The problem we are tackling here is “Design Compensation Incentives Based on performance of the Store Managers”. We can take the store sales as a proxy to indicate the performance of the manager. The model can be used to set sales target to their respective store managers. The variable payout is dependent on the manager’s ability to exceed the target.
The cost of errors in this context is very high. Under-prediction will result in high unachievable targets resulting in demotivation or attrition. Over-prediction will set easy and low targets leaving a lot of money on the table. Hence, we need to create a forecasting model which can accurately predict sales of the next 2 weeks.

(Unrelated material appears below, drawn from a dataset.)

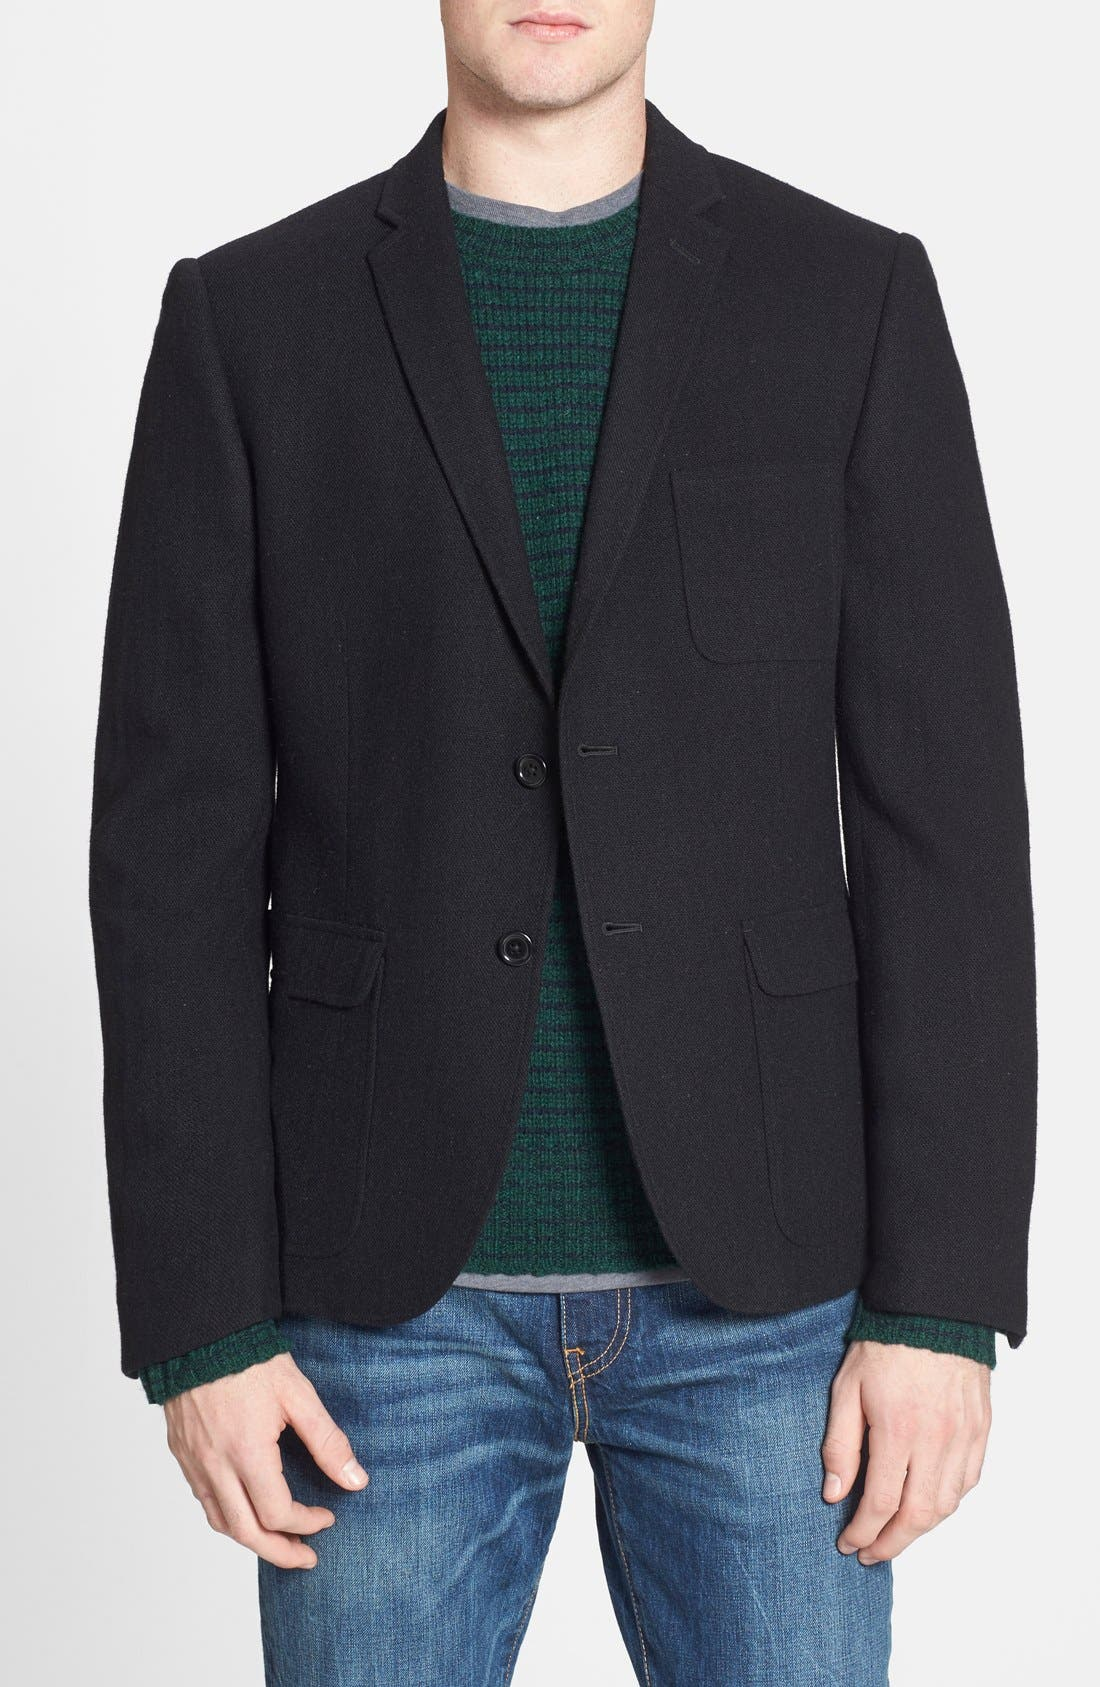 DOCKERS<SUP>®</SUP>, Dockers Trim Fit Wool Blend Blazer, Main thumbnail 1, color, 001

The data in hand is the weekly sales data from 45 stores, across 99 departments along with a few additional external information such as unemployment rate, CPI, etc. From the time series of the sales of a certain store, we can see that the data is seasonal i.e. there is a similar pattern followed every year. There is no increase in the y-o-y level.
Final Forecasting Method
After evaluating multiple forecasting methods, a regression model taking the week index (week #) and accounting for seasonality (repeated patterns across the year) and holidays gives the best results. It’s performance as compared to the benchmark model can be observed below.
Though the regression model gives a better forecast, the costs incurred to run the same is huge. Hence, Walmart should use the benchmark model to design the store managers’ incentives. However, it should be noted that this cannot be used in presence of external shocks such as recession and heavy competition.